= Work task =
Pictures do not belong in the copy. Write out exactly the lines from the one containing "A mother and" through the end of the data.

= Data =
====================
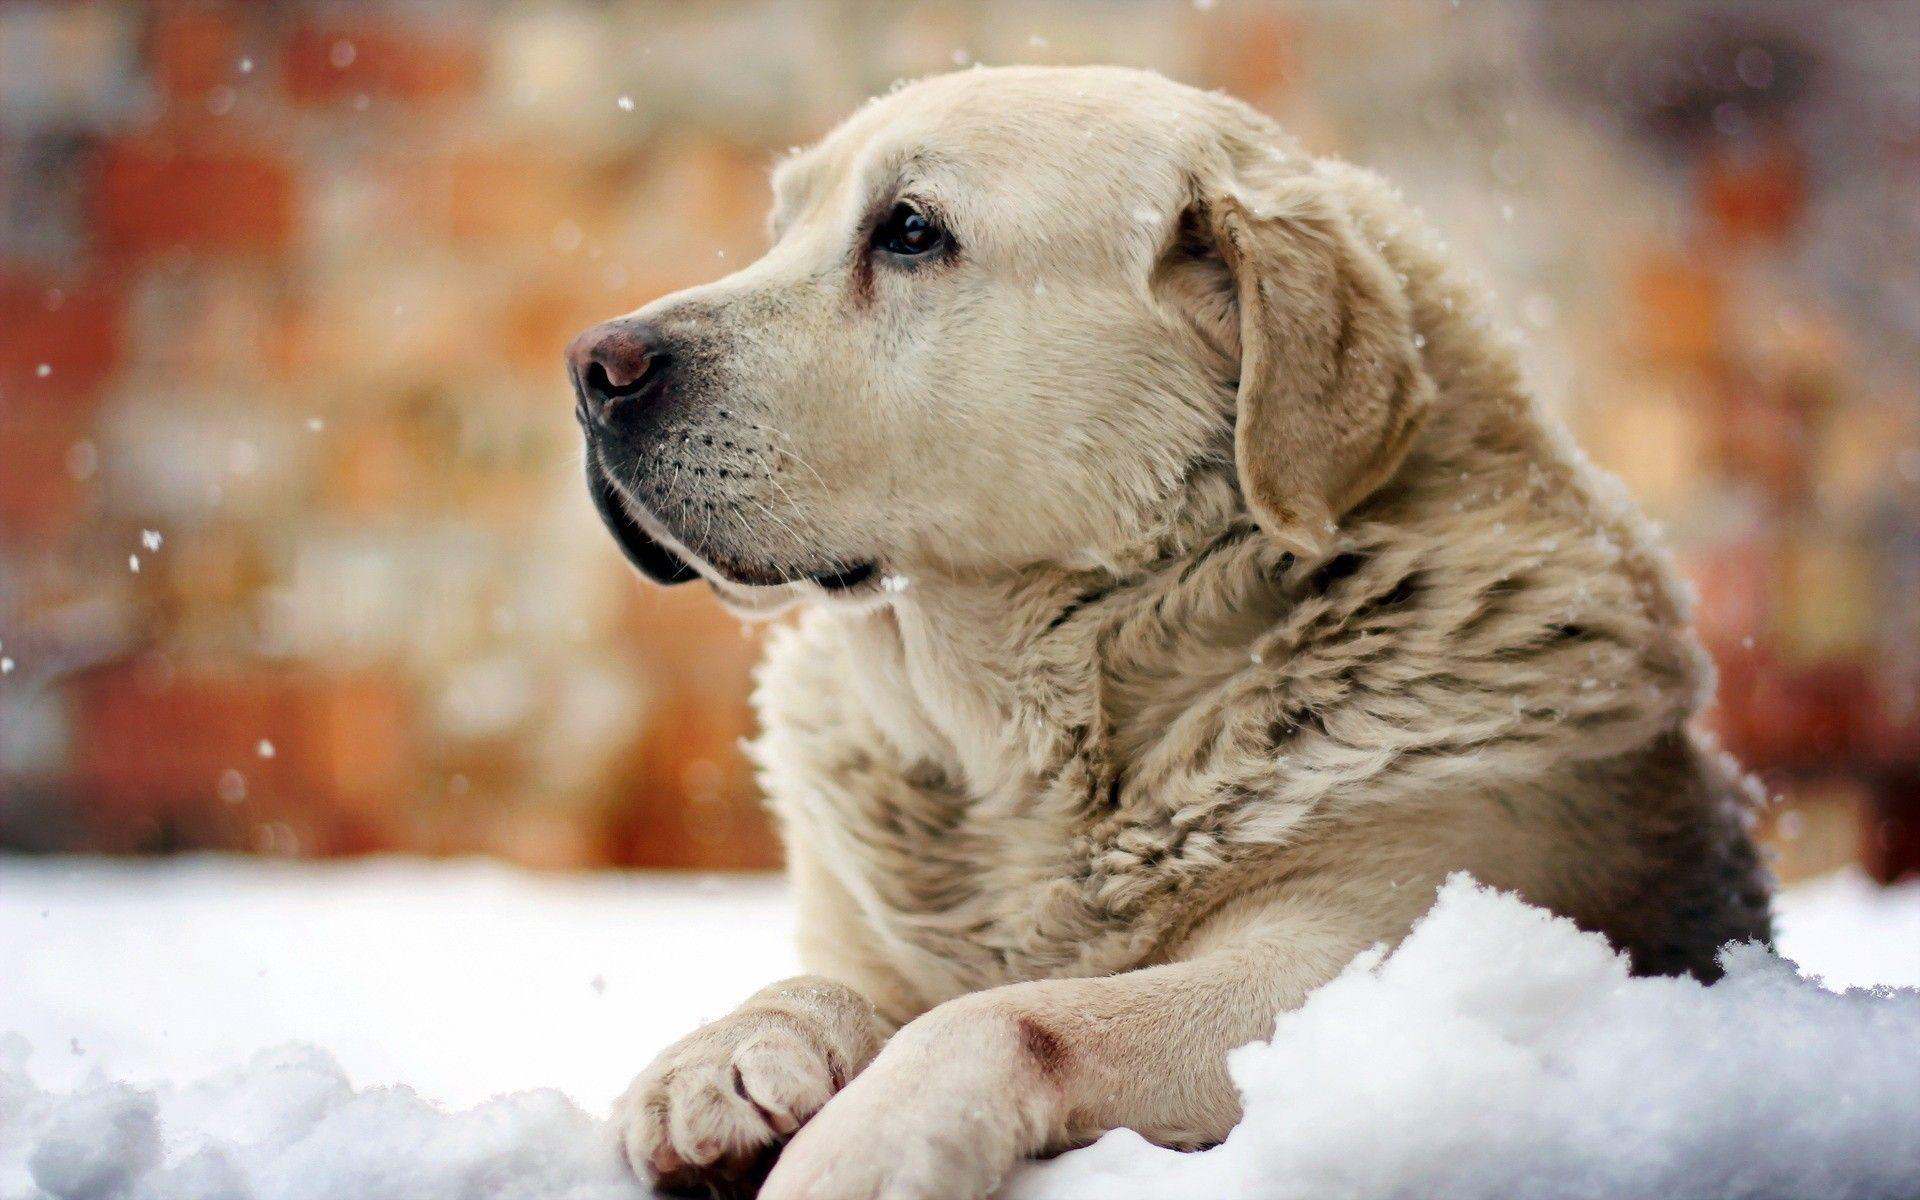 Winter Dog Wallpapers - Top Free Winter Dog Backgrounds - WallpaperAccess
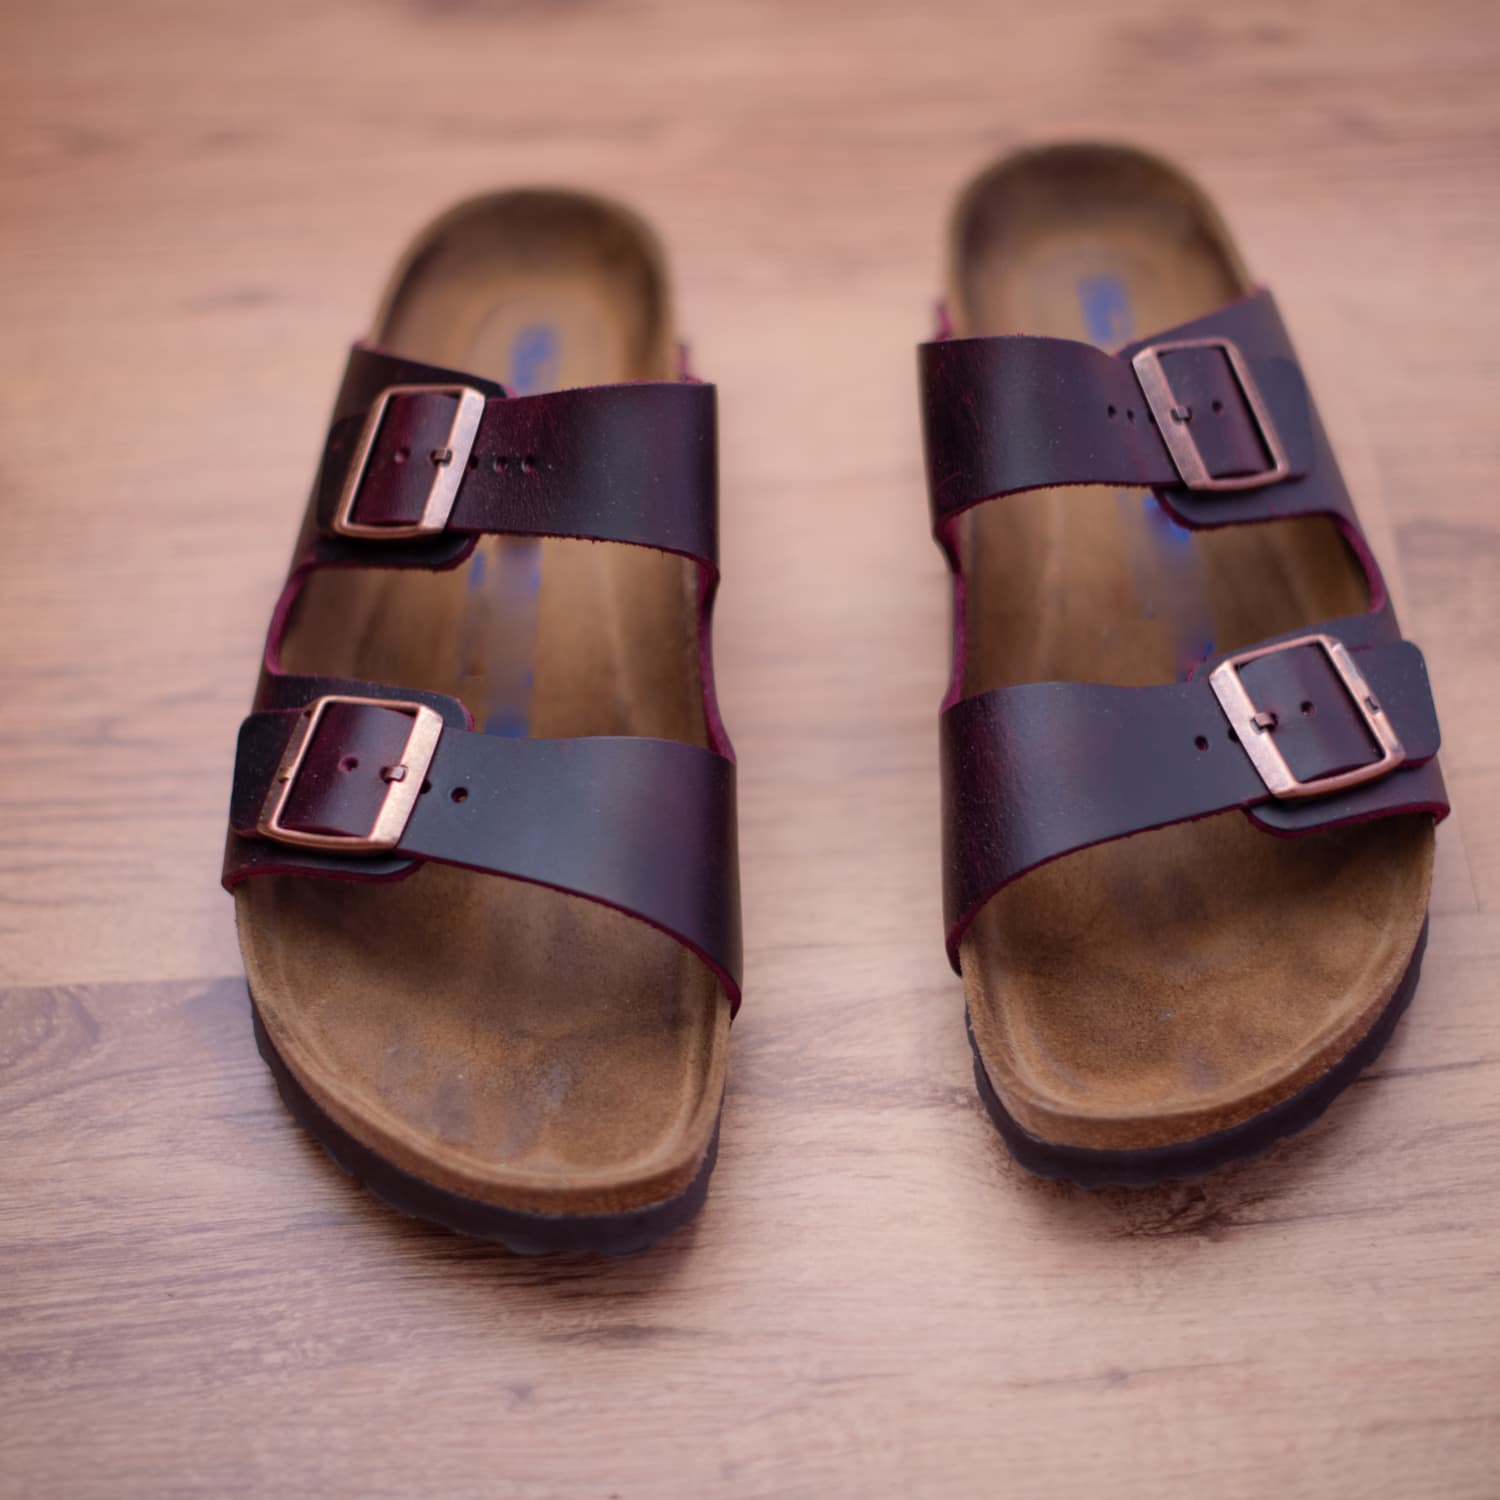 How to Clean Birkenstocks | Apartment
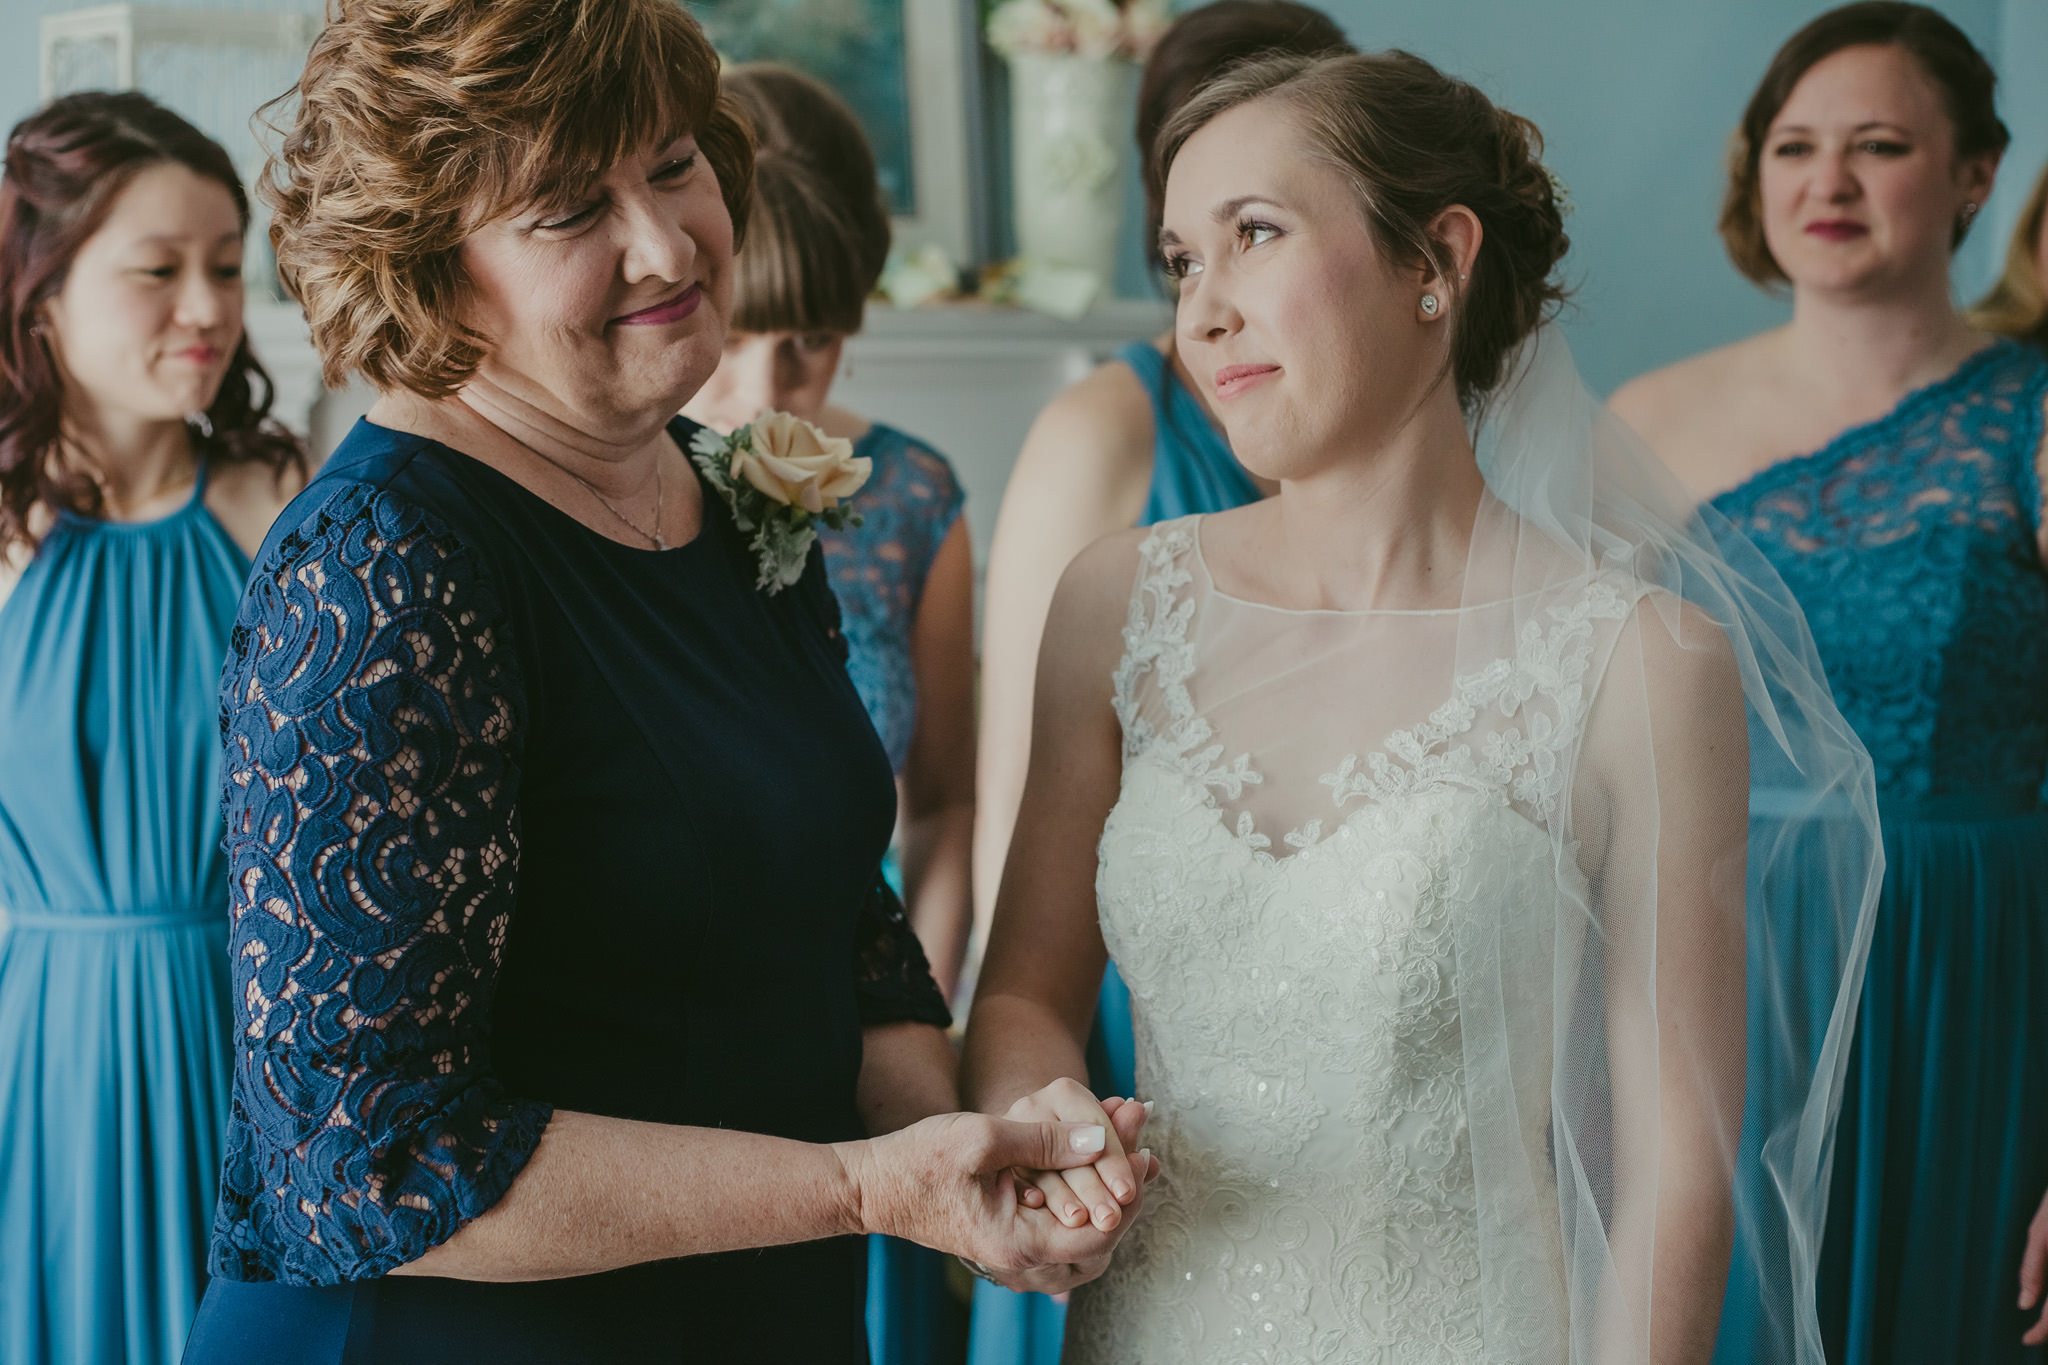 A mother and daughter have a moment before she walks down the isle at the Shuford House in Hickory, NC
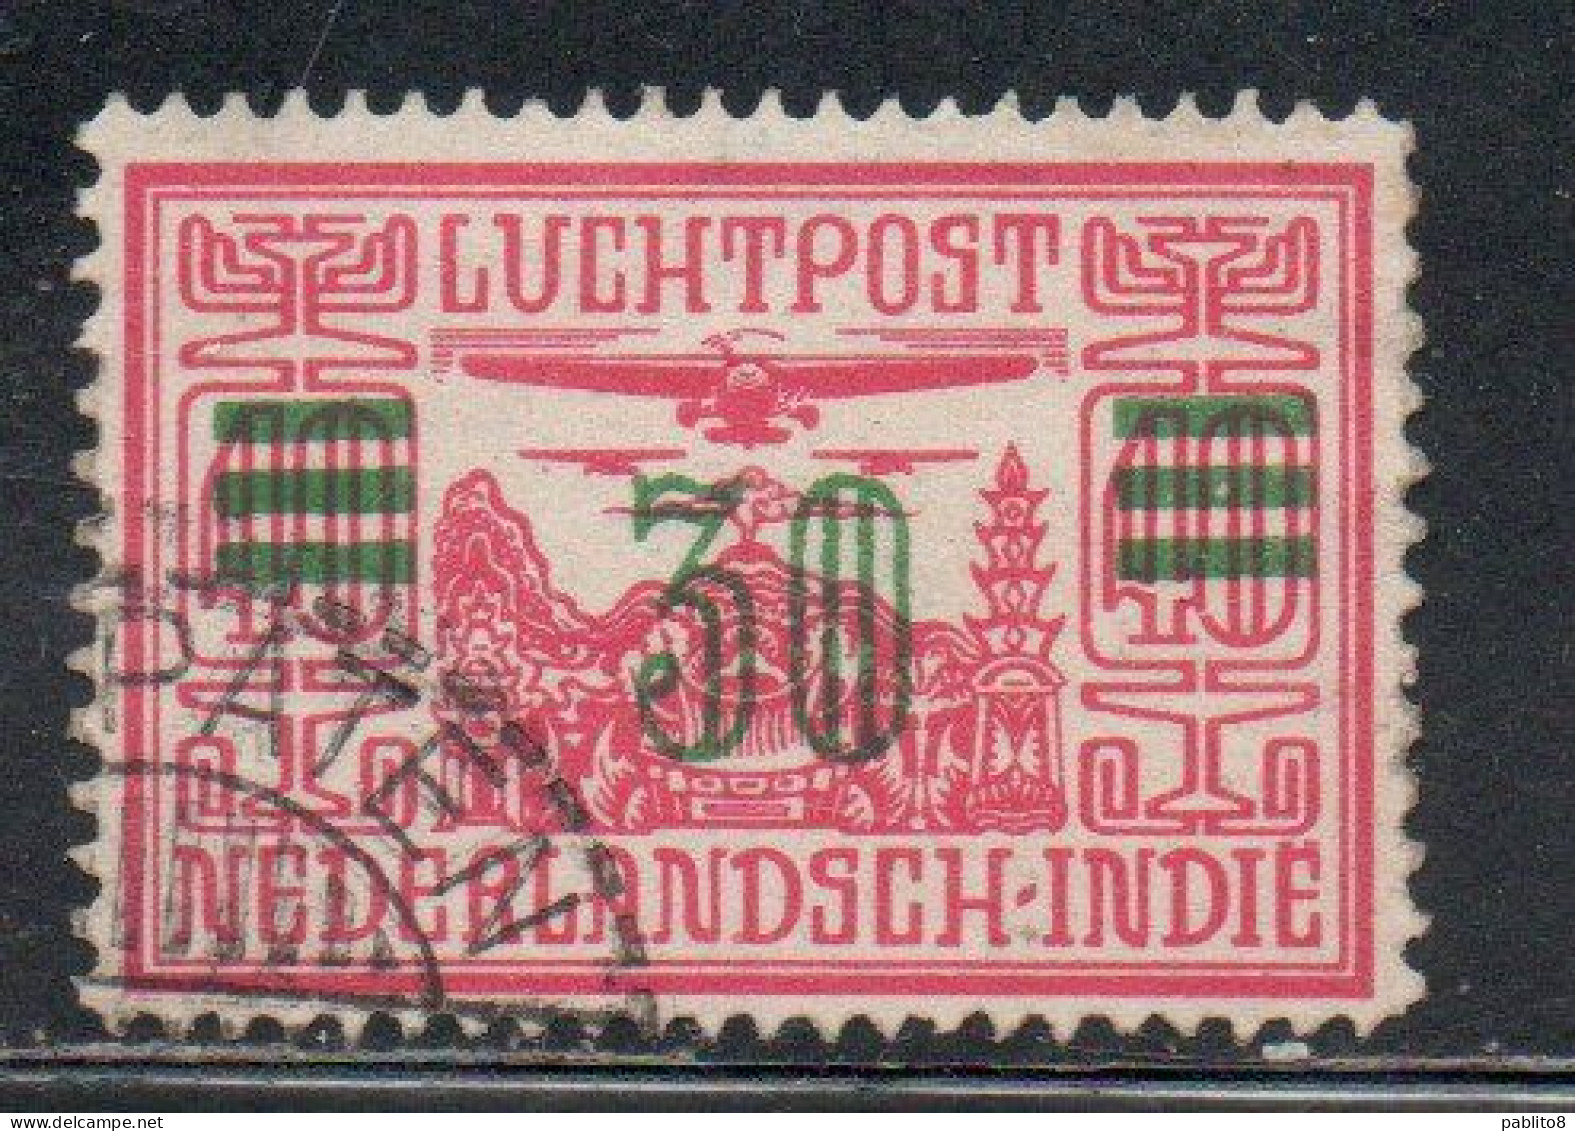 DUTCH INDIA INDIE INDE NEDERLANDS HOLLAND OLANDESE OLANDESI INDIES 1930 1932 AIRMAIL AIR MAIL SURCHARGED 30c On 40c USED - Nederlands-Indië
====================
= Result below =
 A mother and daughter have a moment before she walks down the isle at the Shuford House in Hickory, NC
 DUTCH INDIA INDIE INDE NEDERLANDS HOLLAND OLANDESE OLANDESI INDIES 1930 1932 AIRMAIL AIR MAIL SURCHARGED 30c On 40c USED - Nederlands-Indië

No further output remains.